"Eine kurze Geschichte der Gegenwart" Geschichtswerk für das 21. Jahrhundert

Der Historiker Andreas Rödder hat ein bemerkenswertes Buch über die Umwälzungen der jüngsten Zeit geschrieben.

Selten gibt es eine Neuerscheinung, die der Rezensent nahezu uneingeschränkt lobt. Andreas Rödder gelingt dies mit seiner Betrachtung "21.0. Eine kurze Geschichte der Gegenwart". Gerade nach den Anschlägen von Paris sollte darauf zugegriffen werden. Denn es sieht so aus, als würden uns die Probleme der Gegenwart in Zukunft verstärkt beschäftigen.

Der Mainzer Geschichtsprofessor ist einem größeren Leserkreis spätestens seit seiner gelungenen Geschichte der Wiedervereinigung bekannt, die 2009 erschien. Jetzt hat er sich darangemacht, "einen Crashkurs durch die Grundprobleme unserer Zeit" und "die aktuellen Lösungsstrategien mit ihren erkennbaren Vor- und Nachteilen" zu geben. Dieser Überblick ist breit und tief angelegt und bietet so zahlreiche Anregungen für eigenes, weiterführendes Denken.

Das Buch gliedert sich in acht Kapitel und "resümierende Überlegungen". Besonders interessant dürfte das erste Kapitel sein, das sich mit den Anfängen und der internationalen Entwicklung der digitalen Revolution beschäftigt und so Erklärungen über unsere heutigen Lebensumstände gibt. Dies gilt auch für die Kapitel III, IV, V und VI, die sich mit den Entwicklungen seit Beginn der zweiten Globalisierung Mitte der 70er Jahre beschäftigen.

Von besonderem Interesse sind aber die Kapitel, die sich mit der globalen Wirtschaft (Kap. II), mit Europa (Kap. VII) und mit "Weltpolitik und Weltgesellschaft seit 1990" beschäftigen: Wer wissen will, wie die Welt heute im Kern funktioniert und von welchen Bedingungen dies abhängig ist, darf an diesen Kapiteln nicht vorbeigehen. Denn spätestens jetzt dürfte auch in Europa die Erkenntnis Platz greifen, dass es mit Fukuyamas schöner These vom "Ende der Geschichte" von 1990 endgültig vorbei ist. Oder, um es mit den Worten Rödders zu sagen: "Das 'alte Europa' hatte die besonderen Erfahrungen der europäischen Integration auch auf die Wahrnehmung der Lage jenseits der eigenen Grenzen übertragen. Die Realität aber war komplexer, als es die Hoffnung auf eine weltweite demokratisch-prowestliche Konvergenz wahrhaben wollte." Er belegt dies nicht nur mit vielen Beispielen, er beschäftigt sich auch grundsätzlich damit. Und das macht diese Kapitel so zentral!

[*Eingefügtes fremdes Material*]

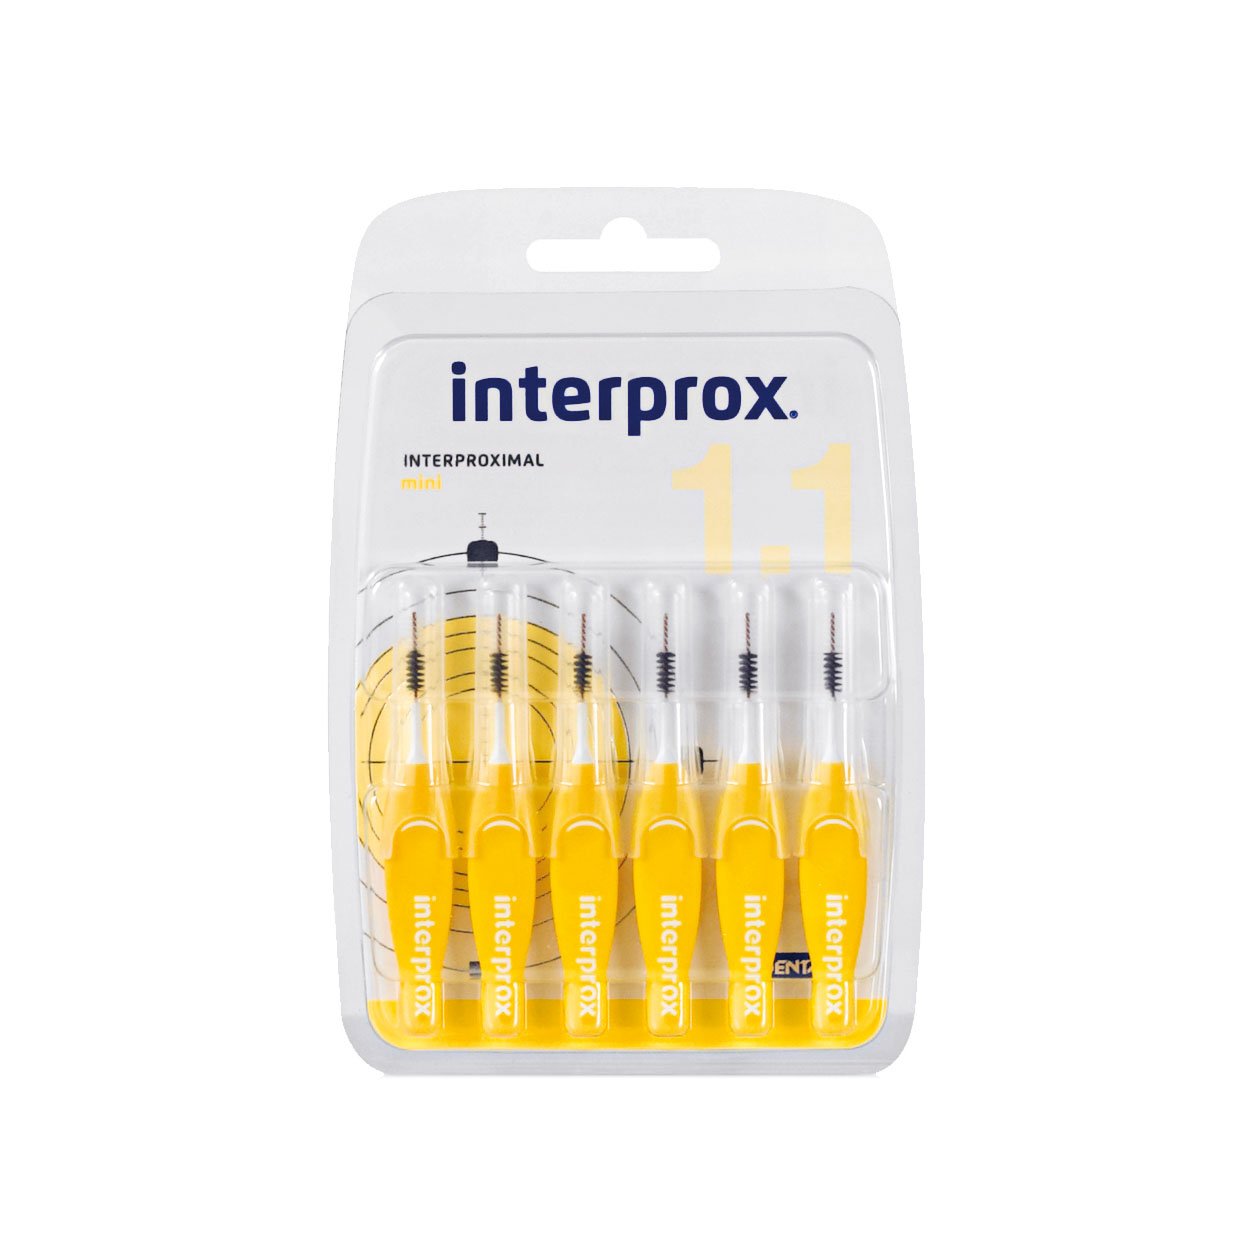 Interprox Interdentalbürsten gelb mini 6 Stück Packung, 6er Pack (6x 6 Stück)
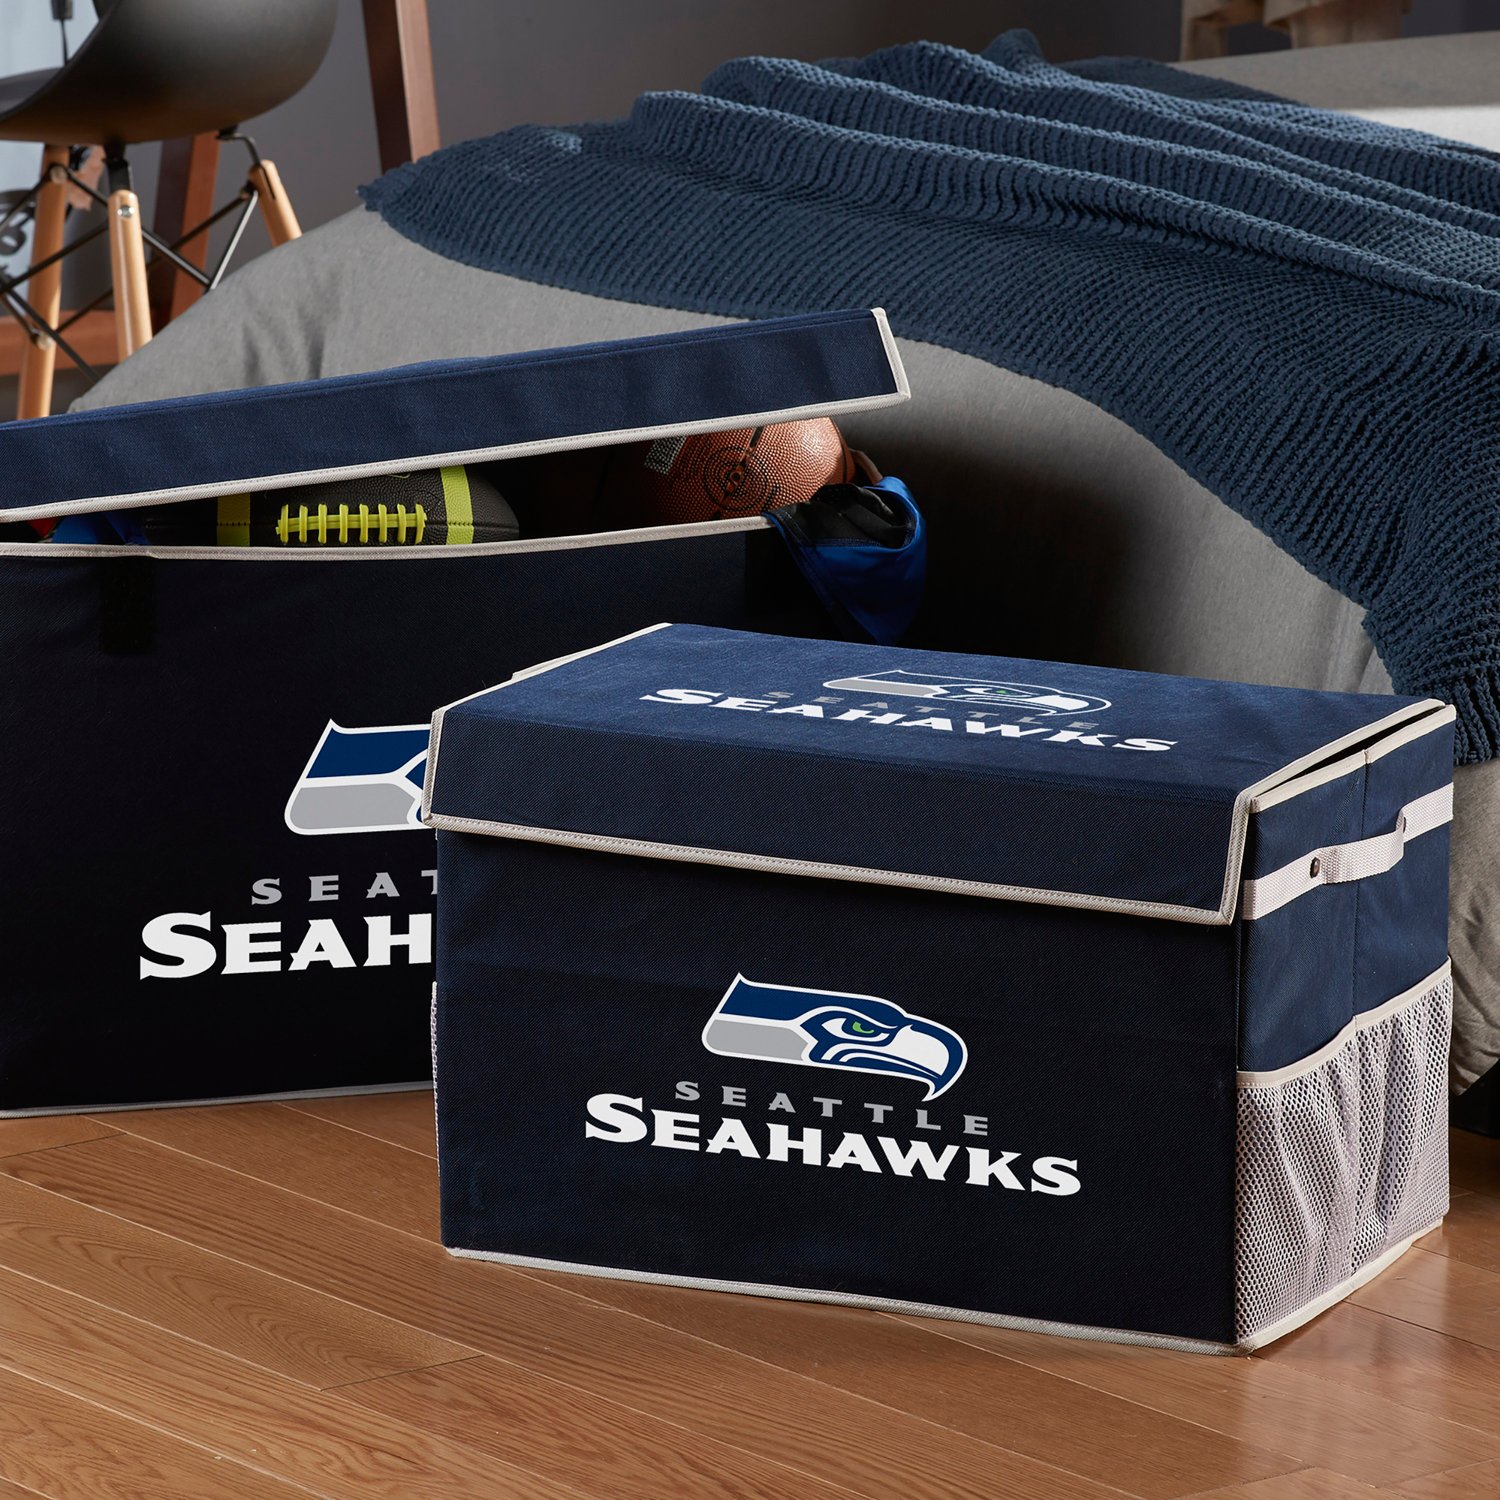 Franklin Seattle Seahawks Collapsible Storage Footlocker Bin Academy

Im Zentrum steht dabei die grundsätzliche Auseinandersetzung zwischen der realistischen und der idealistischen Weltbetrachtung. Denn für erstere bestimmen Macht und nationale Interessen die Außenpolitik, für letztere internationale Organisationen und die Vorstellung von einer Weltgesellschaft. Allerdings ist die Schlussfolgerung, die Rödder daraus zieht, denn doch überraschend. Für ihn handelt es sich dabei "um eine Glaubensfrage, in die empirische und normative Ebenen ineinanderfließen, was auf beiden Seiten zu Sichtbeschränkungen führt". Dies ist nicht ganz falsch, sagt aber noch lange nichts darüber aus, welche Sichtweise heutzutage adäquater sein dürfte.

Rödder legt sich hier, auch unter Verweis auf die grundsätzliche Offenheit der Geschichte, nicht fest, doch wird deutlich, dass er eher kein Anhänger einer idealisierenden Weltsicht ist. Er kommt zum logischen Schluss: "Was als Kompass hilft, ist Offenheit statt Selbstgewissheit. Das gilt für unvorhergesehene Gefahren, für neue Bedrohungen der Freiheit und für unerwartete Konflikte." Und deshalb sei es das Beste, "wenn sich neue Ideen mit dem Sinn für die Realitäten verbinden". Kann man da widersprechen?

Dieser Duktus zieht sich durch das ganze Buch und macht es im besten Sinne aufklärerisch und ansprechend. Allerdings gibt es auch ein paar Wermutstropfen: Viele unübersetzte Zitate erinnern an das bildungsbürgerliche 19. Jahrhundert, zu viele (überflüssige) Anglizismen ärgern nur, und ob der Titel "21.0" mehr ist als ein Marketinggag, mag der Leser selbst entscheiden. Ansonsten ist es wirklich ein lesenswertes Buch!